Thursday, August 1, 2013

Credit, Credit, Credit

I already mentioned today how credit has been the key element missing from the equation and I'm sure you recall me saying that in my view, credit was the most important asset right now, specifically HYG as it is used to support the market. Yesterday I saw a little break in credit, today I saw a nasty break in credit, but for those wondering if this is smart money moving out en-masse, they already did that.

Let me show you..


 This 60 min chart of HYG vs the SPX (green) shows when credit moved out of the market back in May, credit hasn't traded at that level since then, this in itself is one of the largest dislocations I've ever seen in credit vs stocks and fits with the amplitude of some of the very nasty indications in the market.


When we look at HYG 1 min chart like this vs the SPX, we are zooming in, it doesn't give you the sense of how dislocated credit actually already is. However, as an arbitrage asset, it has been used to help move the market along, smart money left the building, I know I already posted this BOFA chart, but here it is again, Institutional sellers vs retail buyers...

 The Pros have been moving out since about December of last year, July is particularly strong, but if Retail wants to buy, why wouldn't the pros sell short to them?

Without institutional money flowing in to the market to drive it higher, other ways have to be found, HYG, VXX & TLT are one way through arbitrage, currencies like USD/JPY which moved the market overnight and then struggled today are another...

I showed this to you earlier (USD/JPY vs ES), but here's a lazy man's way...

 The SPY is green, the USD is orange, note the near exact movement...

The other half of the pair is the Yen, so here's FXY with the SPY inverted...
And they move nearly perfectly together, it's this risk currency pair that was used to ramp the market overnight, not demand. If there was demand left (recall the sentiment update from retail, "I'm all in") then we'd see a huge move through $1700 on volume, but something scared credit out of the market even in its limited presence, apparently it was the F_O_M_C.


 This is a longer term view of High Yielding Junk Credit, also left the game in May.

This is HY Credit intraday, it has no willingness to follow the SPX higher at all.

I have to get my charts to align from the start of a new day, but until I can, this is a good way to show what HYG, Investment Grade and HY Credit did today vs.

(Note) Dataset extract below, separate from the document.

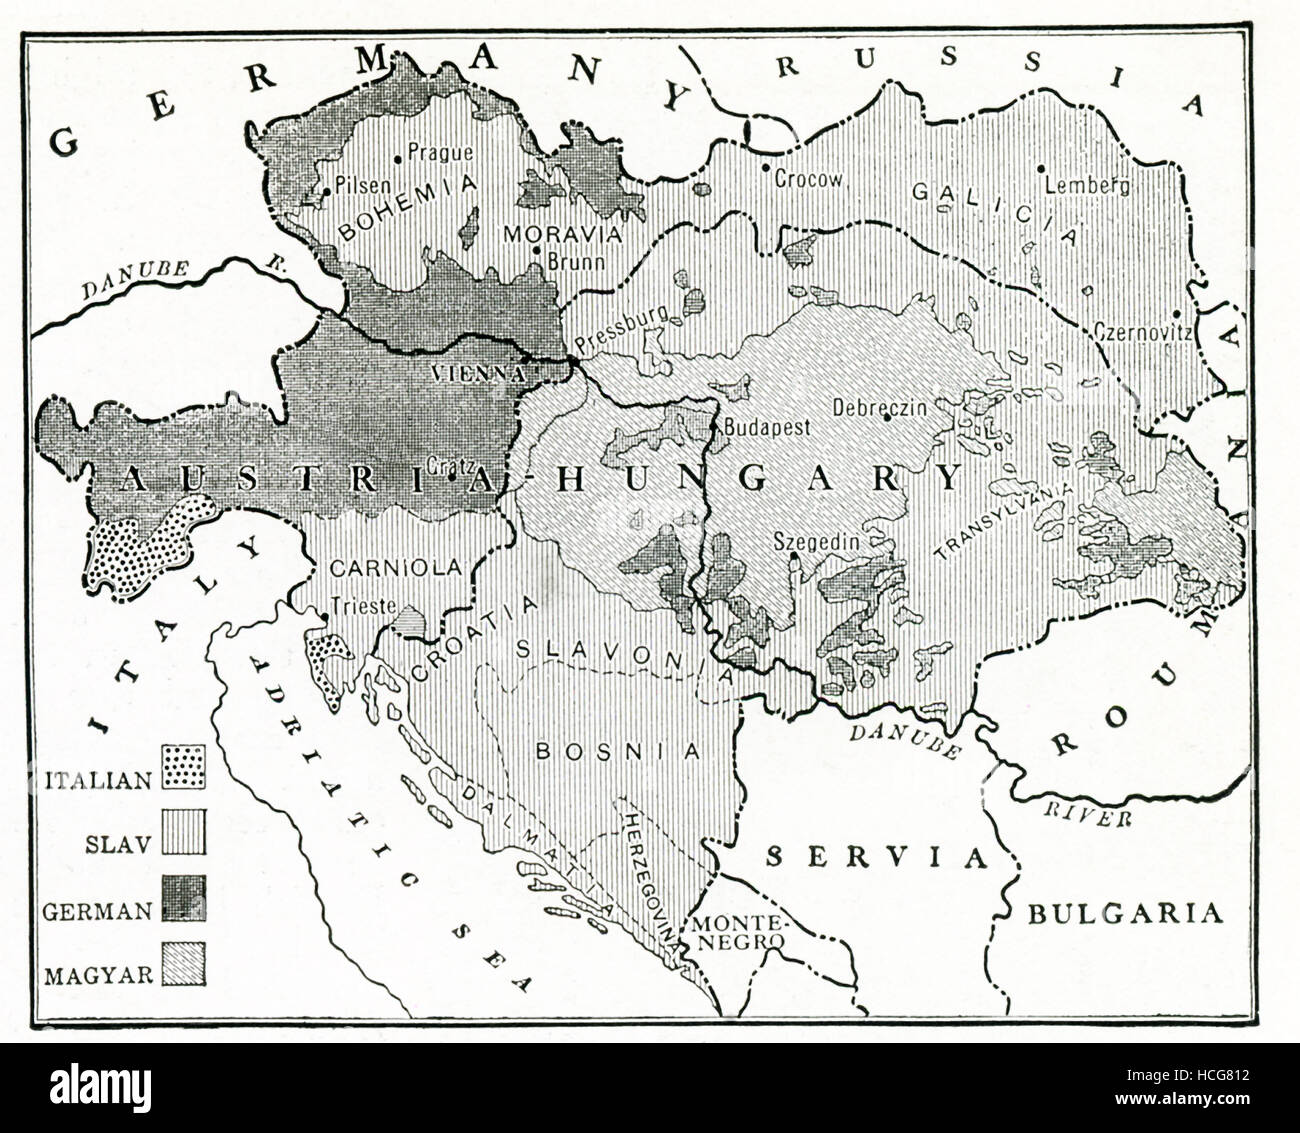 Diese Karte stammt aus der Zeit des ersten Weltkrieges, 1917, und zeigt die kompliziertere rassische Verteilung (Italienisch, slawisch, Deutsch und Magyar) in der österreichisch-ungarischen Monarchie. Stockfoto

ES.

Investment Grade did the best, HYG, the most liquid, did the worst and this is really a first for quite some time, probably since May.

While we are looking at longer term indications and talking about sentiment, look at pro sentiment vs the SPX...
Much smaller divergences have sent the market down before, like the start of the divergence in March alone, this is huge and like the pros trading credit, FCT hasn't traded back toward the May area either.

I know I already pointed out the VIX Futures which are a sign traders are reaching for protection as they are bid up, these typically trade almost exactly opposite the SPX in green, not today though and I think this is one of the few areas in the market where you can see real supply/demand dynamics other than a short squeeze. Traders were worried today (not retail) and grabbing protection.

As far as a trade that I think may be coming up very soon, maybe tomorrow, Transports. I know what you must be thinking, "Short transports?", but give me a second.

 I drew this red trendline in a few weeks ago, I haven't touched it and the reason was, I was looking for a move above that trendline that could create a bull trap, just moving above doesn't make a bull trap, but...

 When the 4 hour chart looks this bad, you have a pretty good idea that any strong price move is going to see distribution and thus create a bull trap.

This is IYT intraday, there was early confirmation and then... So I'll be looking at IYT very closely tomorrow as it looks like it's in a near perfect area.

Really though, I'd just be filling up white space here to tell you there was anything more significant about today than the action in credit, I really can't overstate how important it is as it takes the legs right out from under the market and implies a great deal of fear even in the limited size of the current positions.